### ASSIGNED TASK:
Please print, word for word, every line from the one that contains "Cut: Rectangular 6.5x5mm" through the last line of the records, and nothing else.
★ ★ ★ ★ ★
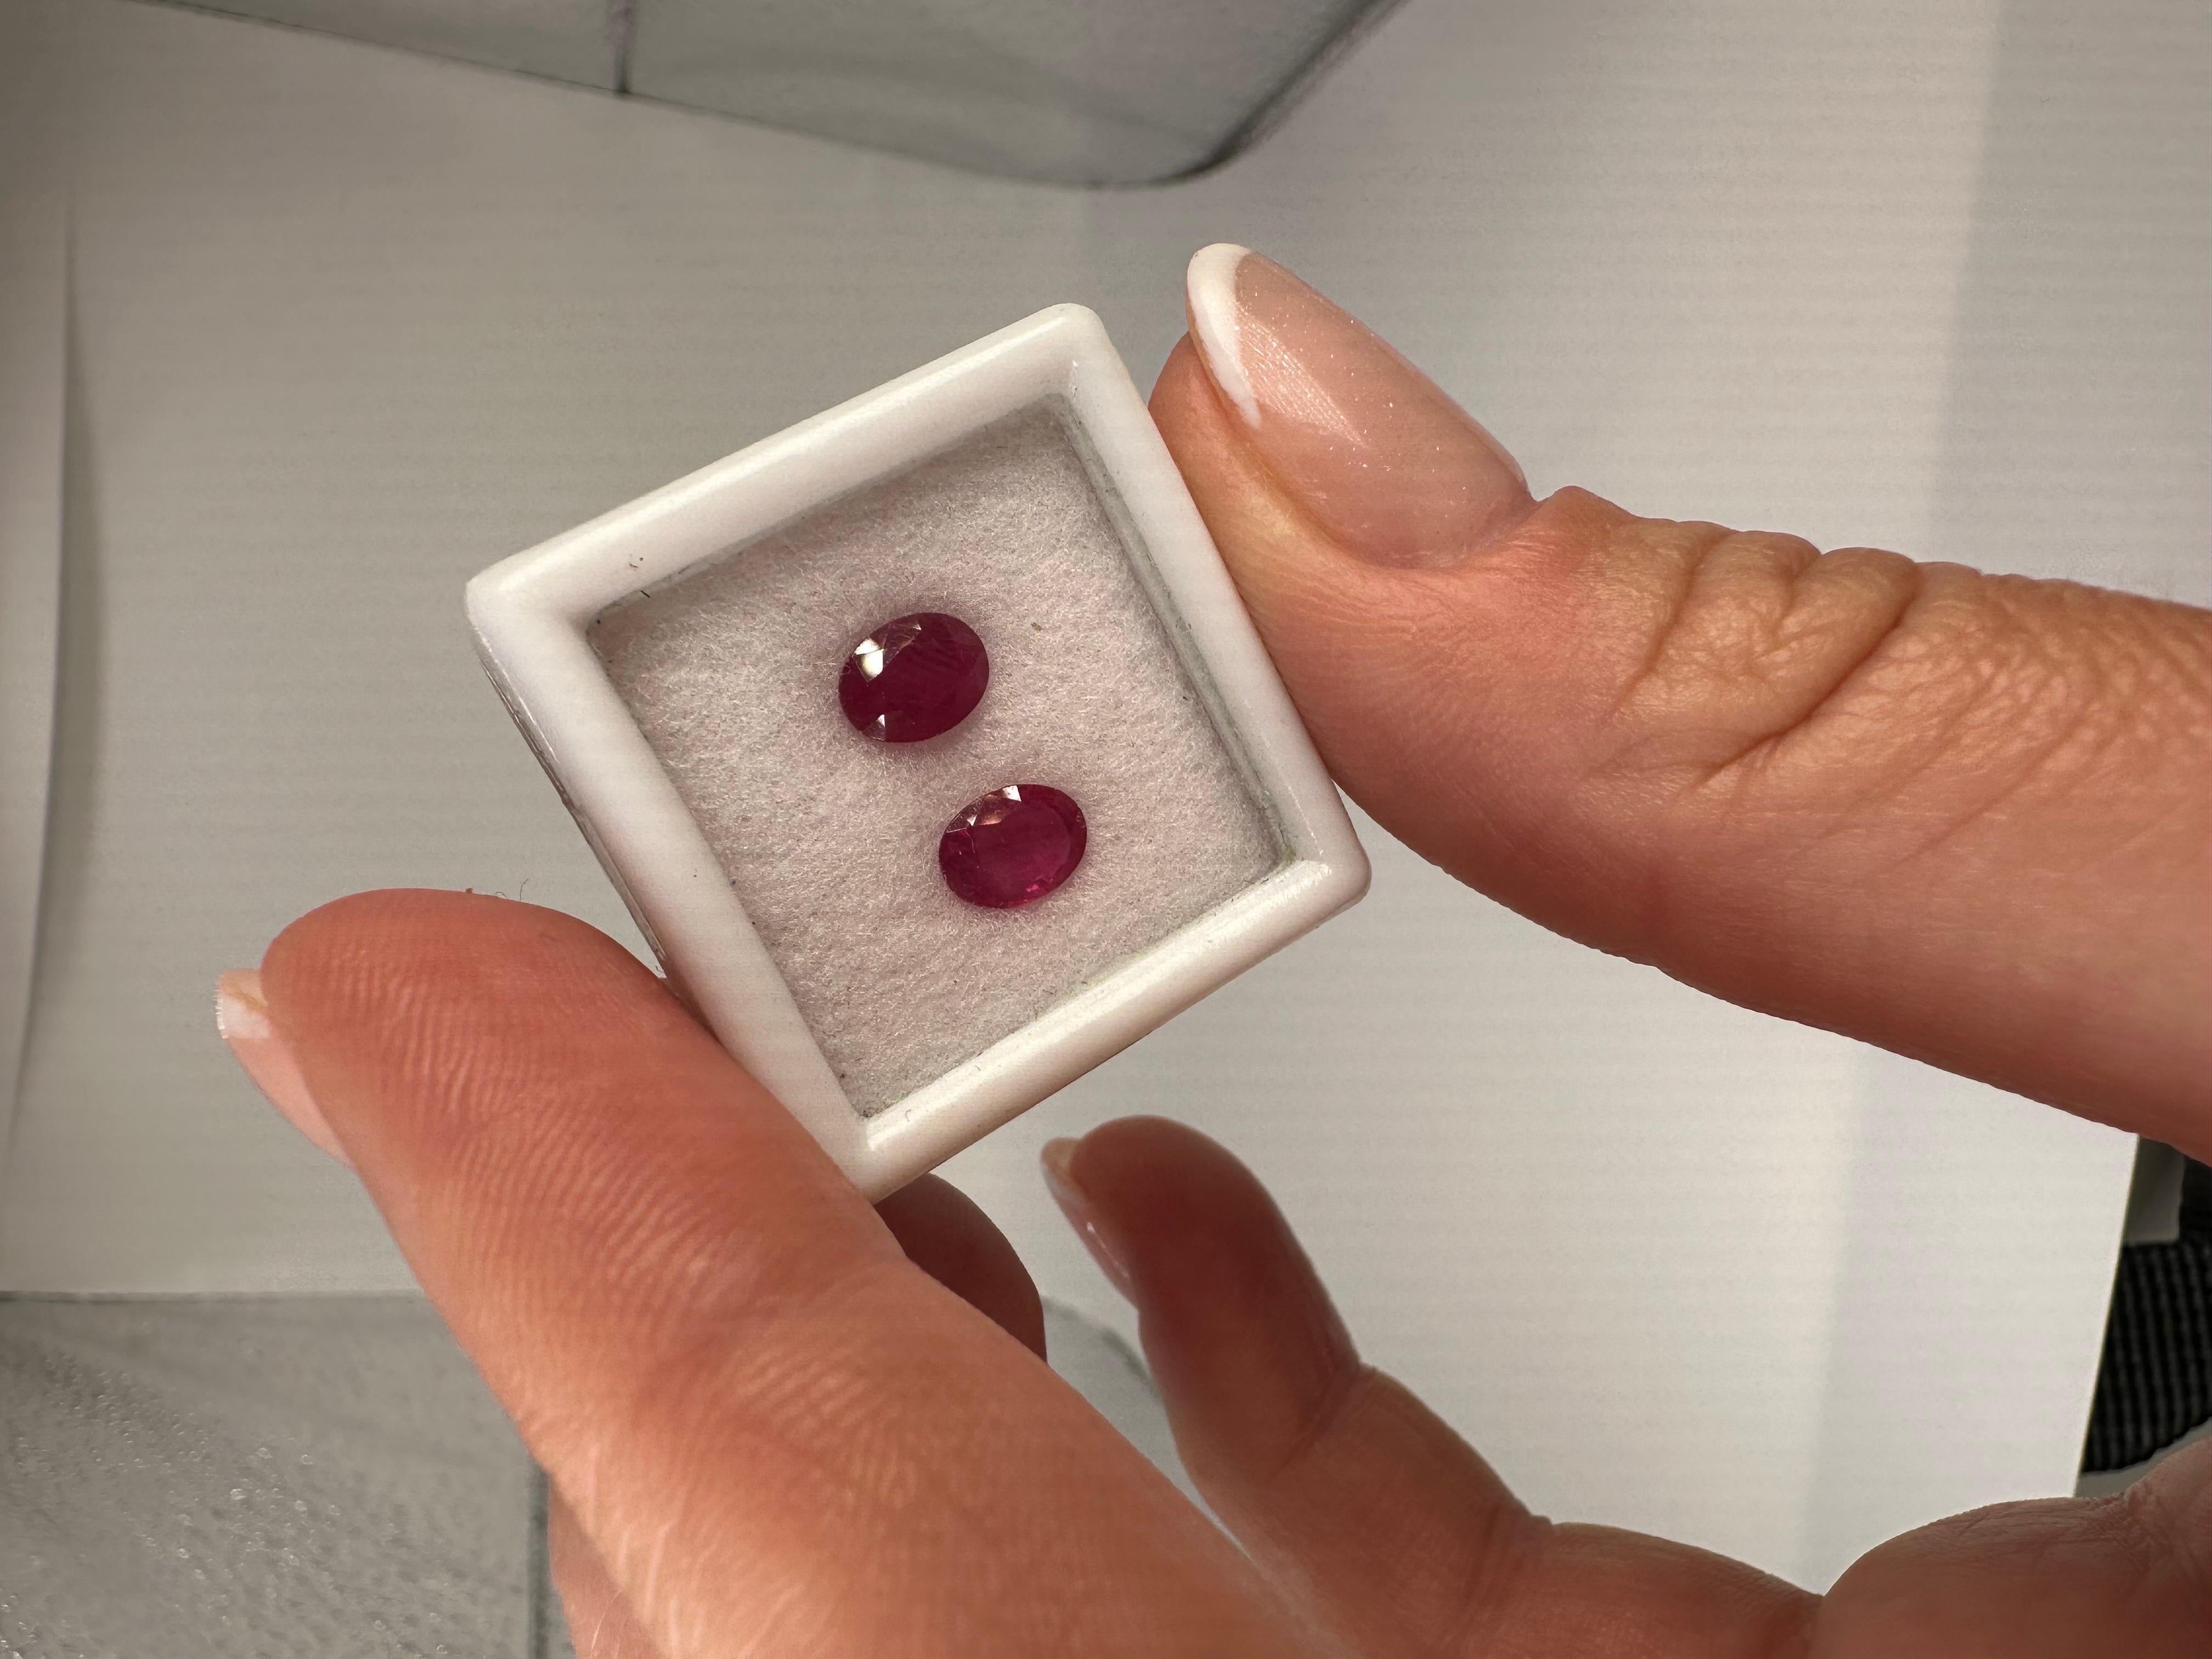 Rare matching pair of rubies, untreated and certified.

NATURAL GEMSTONE(S): NATURAL RUBY 
Clarity/Color: Slightly Included/Pinkish Red
Cut: Rectangular 6.5x5mm
Treatment: none
MTP


WHAT YOU GET AT STAMPAR JEWELERS:
Stampar Jewelers, located in the
★ ★ ★ ★ ★
### PROBLEM SOLUTION:
Cut: Rectangular 6.5x5mm
Treatment: none
MTP


WHAT YOU GET AT STAMPAR JEWELERS:
Stampar Jewelers, located in the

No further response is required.